En effet, dès 1659, la Sacrée Congrégation de Propagande Fide exigeait des missionnaires un changement radical quant à leur méthode d'apostolat et un esprit nouveau : ce n'est pas l'Europe, mais la foi qu'il faut introduire :

Ne mettez aucun zèle, n'avancez aucun argument pour convaincre ces peuples de changer leurs rites, leurs coutumes et leurs mœurs, à moins qu'elles ne soient évidemment contraires à la religion et à la morale.

Quoi de plus absurde que de transporter chez les Chinois, la France, l'Espagne, l'Italie ou quelque autre pays d'Europe ? N'introduisez pas chez eux nos pays, mais la foi qui ne repousse ni ne blesse les rites ni les usages d'aucun peuple, avait conseillé Rome.

Vatican II, dans Lumen gentium, Ad génies et Nos-tra aetate demande aux catholiques le respect des religions non chrétiennes et encourage un nouvel examen du donné révélé et une réflexion théologique dans chaque territoire socio-culturel.

Paul VI, dans son message Africae terrarum du 29 octobre 1967, après avoir résumé lui-même les valeurs traditionnelles africaines, affirme que « l'Eglise considère avec respect les valeurs morales et religieuses de la tradition africaine non seulement en raison de leur signification, mais parce qu'elle voit en elles la base providentielle pour la transmission du message évangélique.

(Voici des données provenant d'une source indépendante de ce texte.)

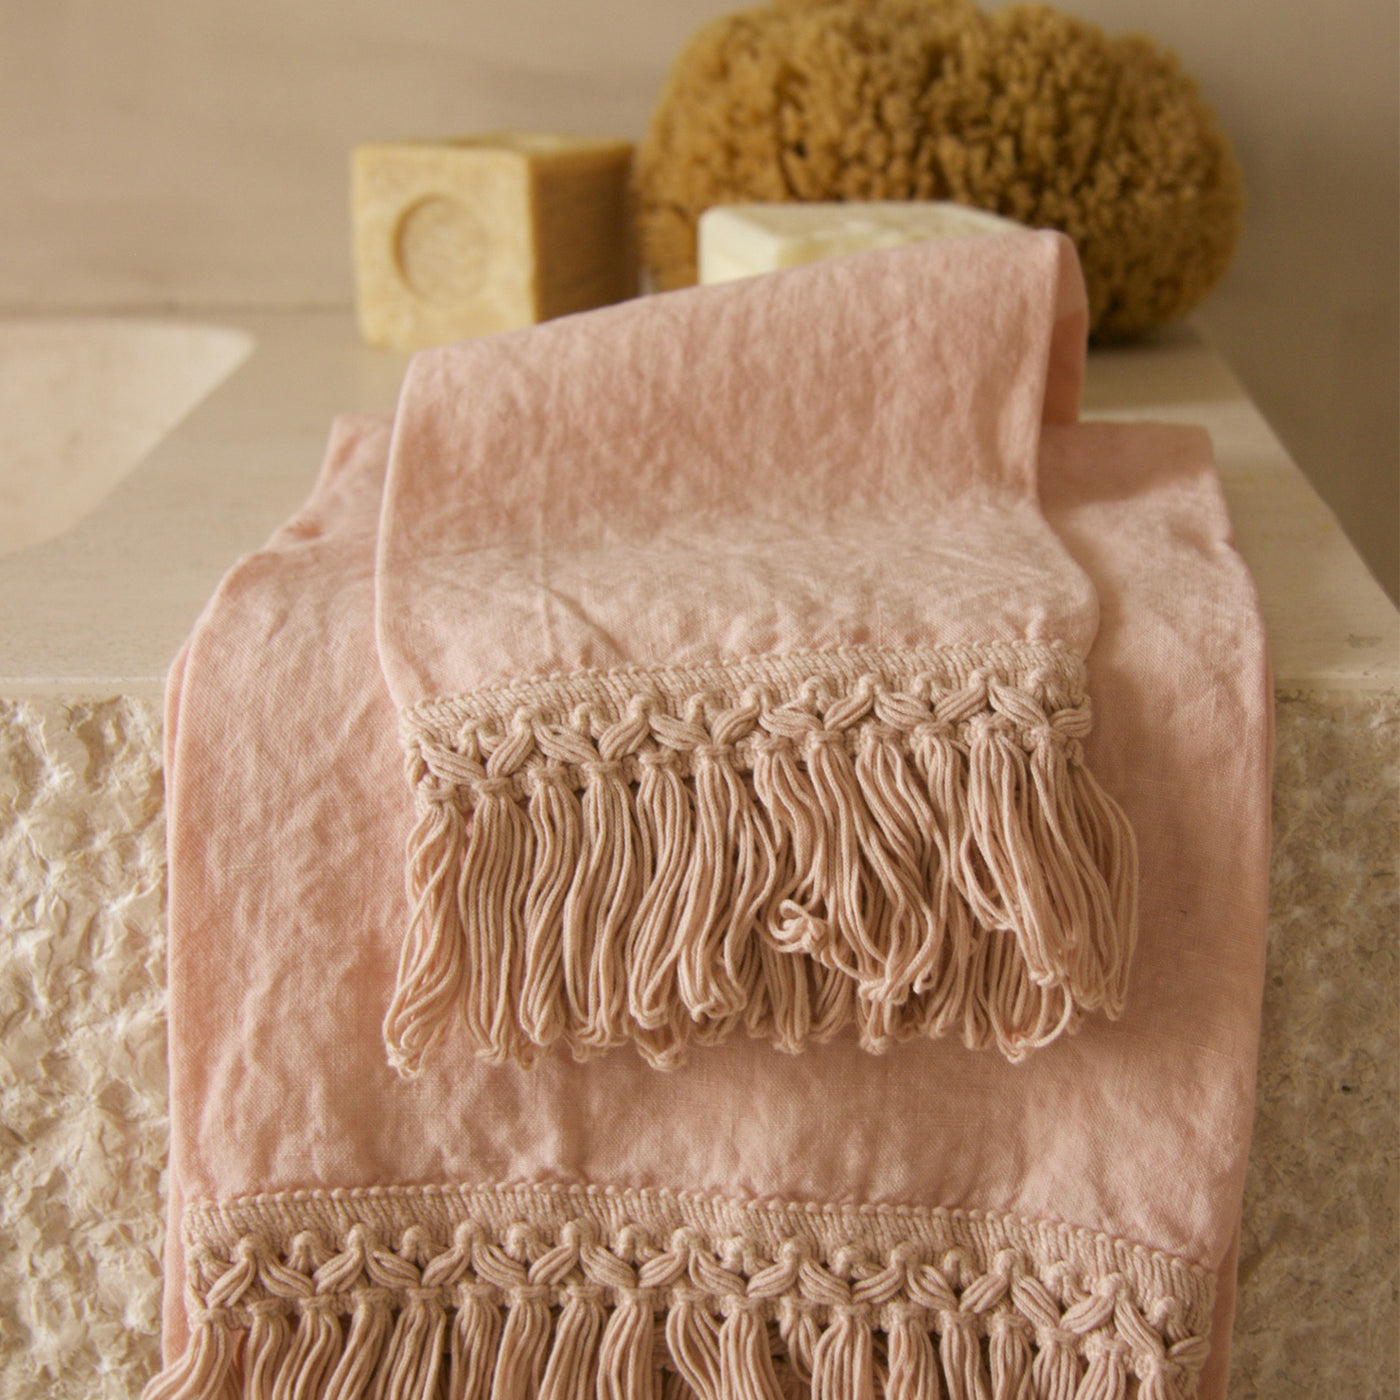 Luxusní lněné ručníky Once Milano, Romein concept store, Lněné ručníky, minimalistické doplňky do koupelny, koupelnové doplňky
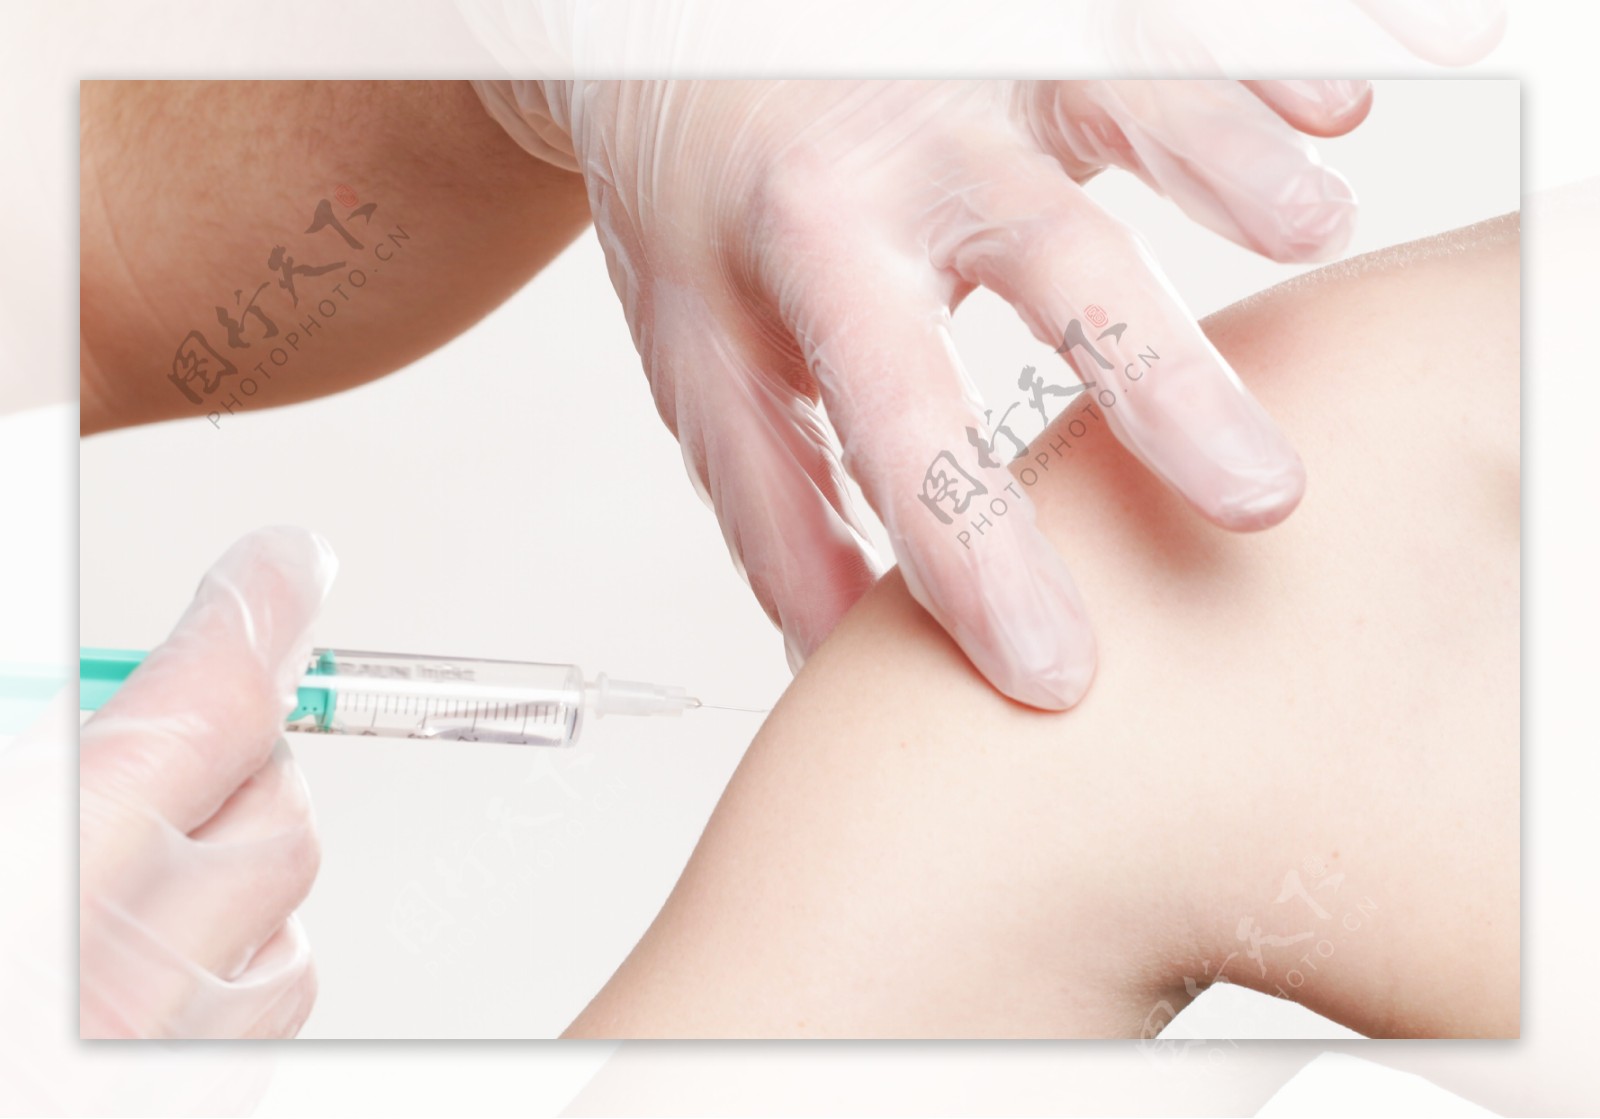 疫苗注射

Sans doute, en réaction au fait que L’église catholique et le monde protestant ont fermé les yeux ou accompagné le grand capital qui a détruit la planète pour son enrichissement les peuples d’Europe désertent les églises. Elles sont soit vides, soit à moitié remplies par les immigrés africains, et les sans papier, qui y vont pour se retrouver et parler de leur sort.

Nos compatriotes qui profanent les tombes à Besenke doivent savoir que la vraie religion de l’homme congolais, est l’ensemble cultuel des sentiments, des idées et des rites émanant de la croyance à : deux mondes, visible et invisible, la croyance au caractère communautaire de ces deux macrocosmes, l’interaction entre les deux et la croyance en un Etre Suprême et créateur. Il est temps que la société congolaise prenne conscience que l’homme congolais, ce n’est pas seulement le corps c’est aussi l’esprit, la culture.

Il est vraiment dommage de voir que pendant que l’Occident de lui-même, commence à reconnaître et à féliciter les bantus d’appartenir à des peuples qui ont gardé intacte l’idée d’un Dieu unique et transcendant et d’ajouter : Vous avez par là une supériorité éclatante sur les anciens peuples de l'empire gréco-romain ; qui avaient, comme on le sait, un panthéon de dieux bigarrés et immoraux aux légendes absurdes que fantaisistes. Je pense que le moment est venu de ne pas accepter l’inacceptable.